The Australian Grape & Wine (AGW) association echoed the government’s sentiments.

The association’s Chief Executive Tony Battaglene said that given the size of the tariff, Australian winemakers will now be forced to consider alternative markets for export sales.

“This decision will have a significant impact on Australia’s rural and regional economies, particularly in those states most invested in grape growing and winemaking, where the impact on regional employment is likely to be felt most acutely,” Battaglene said.

“While we are disappointed with this development, our members will continue to cooperate with MOFCOM as the investigation continues, working towards an outcome that is consistent with the facts of the case, and supports the growth of the wine industry in Australia and China.”

Background to the investigation

MOFCOM initiated anti-dumping (AD) and countervailing duties (CVD) investigations into Australian wine exports earlier this year in August. Both investigations apply to Australian wine exported in packages of two litres and under, and were initiated at the request of the China Alcohol Drinks Association (CADA).

Some 31 Australian wine exporters registered to take part in the investigation, which involved completing a MOFCOM anti-dumping questionnaire, according to AGW.

After the questionnaire was completed, three companies — Treasury Wine Estates, Casella Wines and Australia Swan Vintage — were selected to be sampled.

MOFCOM selected these companies as a sample of the companies that registered for the process, based on the companies’ reported export volumes, according to Australian Grape & Wine.

Treasury Wine Estates, which is one of the largest wine companies in the world according to its website, experienced an 11% drop in its stock price on the ASX after the preliminary tariffs were imposed.

Larger factors at play

A dossier handed over by the Chinese Embassy in Canberra to the Australian media revealed a list of grievances the Chinese government had with Australia from the interference of China’s policy towards Hong Kong and Taiwan to “siding with the US’ anti-China campaign”, the Sydney Morning Herald reported.

Prime Minister Scott Morrison said at the APS200 virtual forum the Chinese government has not engaged in any of the “quite specific issues” that have arisen in trade.

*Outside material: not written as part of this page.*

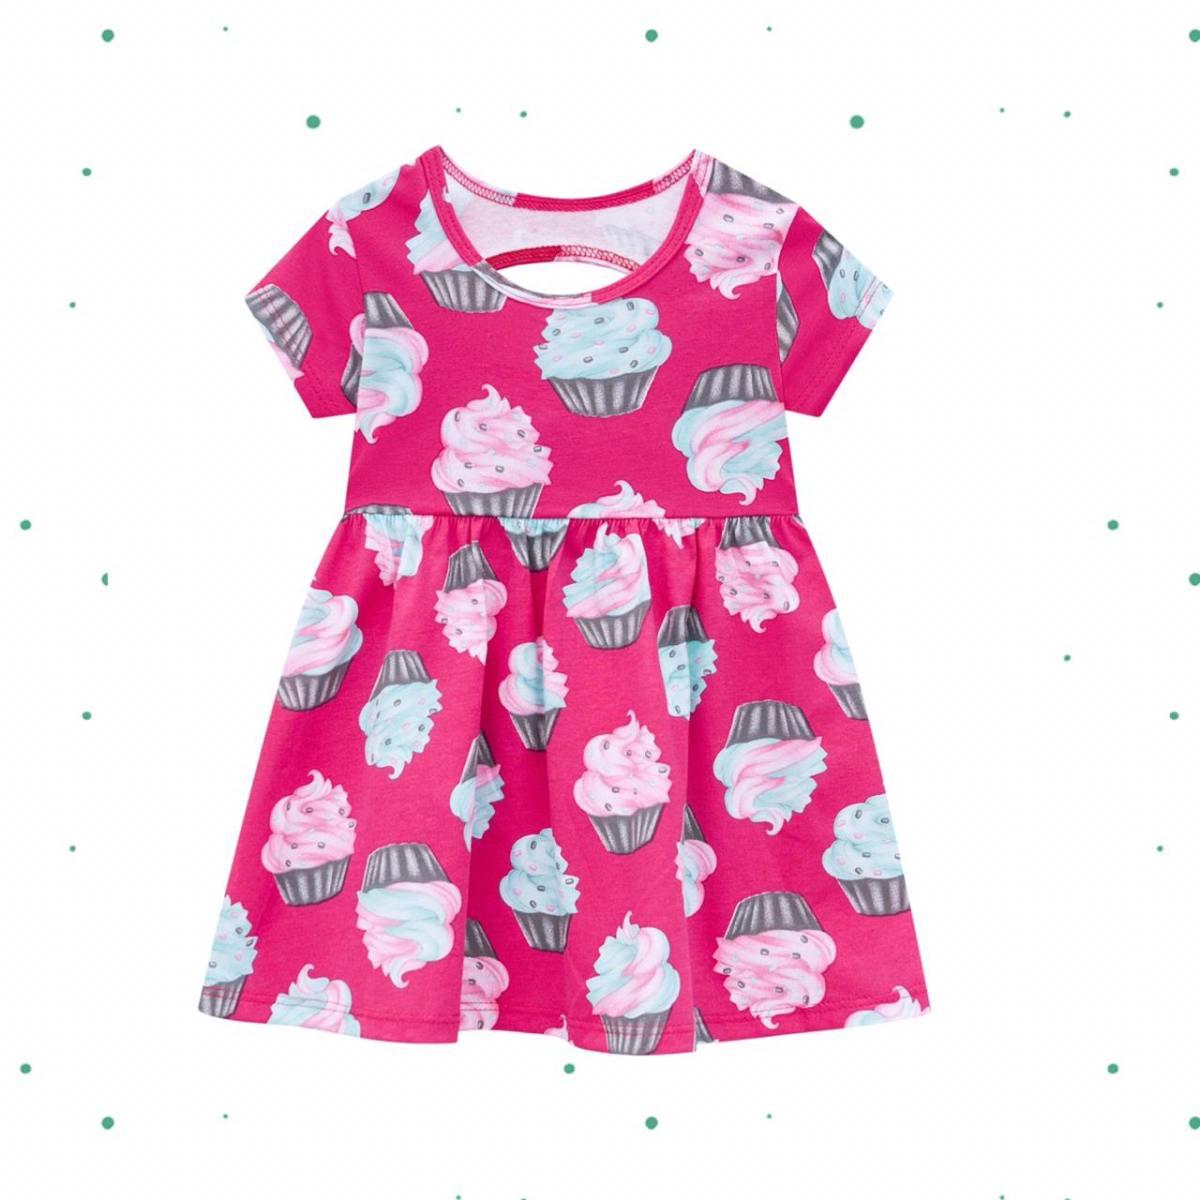 Vestido Infantil Kyly em Algodão na cor Rosa Choque

Morrison also stated that the government will take each trade issue “at face value” allowing officials to work out the technicalities.

In an interview with the ABC, Morrison said the government will do “everything it can to address the trade issues with China”, but also expressed interest in solidifying trade deals with other countries such as Singapore, Indonesia, UK and the EU.

“We’ve been working very hard on expanding trade opportunities in sectors like wine, which is obviously impacted by this decision,” he said.

There is also a glimmer of hope with the recently signed Regional Comprehensive Economic Partnership (RCEP).

RCEP is a comprehensive multilateral trade agreement that sees Australia partner with Brunei-Darussalam, Cambodia, China, Indonesia, Japan, Laos, Malaysia, Myanmar, New Zealand, Philippines, Singapore, South Korea, Thailand and Vietnam.

MOFCOM spokesperson Gao Feng responded to a question by the South China Morning Post about whether the RCEP deal will improve trade relations with Australia.

“RCEP is a regional free trade agreement among the 15 members who have made systematic arrangements for tariff concessions on trade in goods. After RCEP takes effect, China will work together with other members to do a good job in implementing and enforcing the agreement,” Gao responded.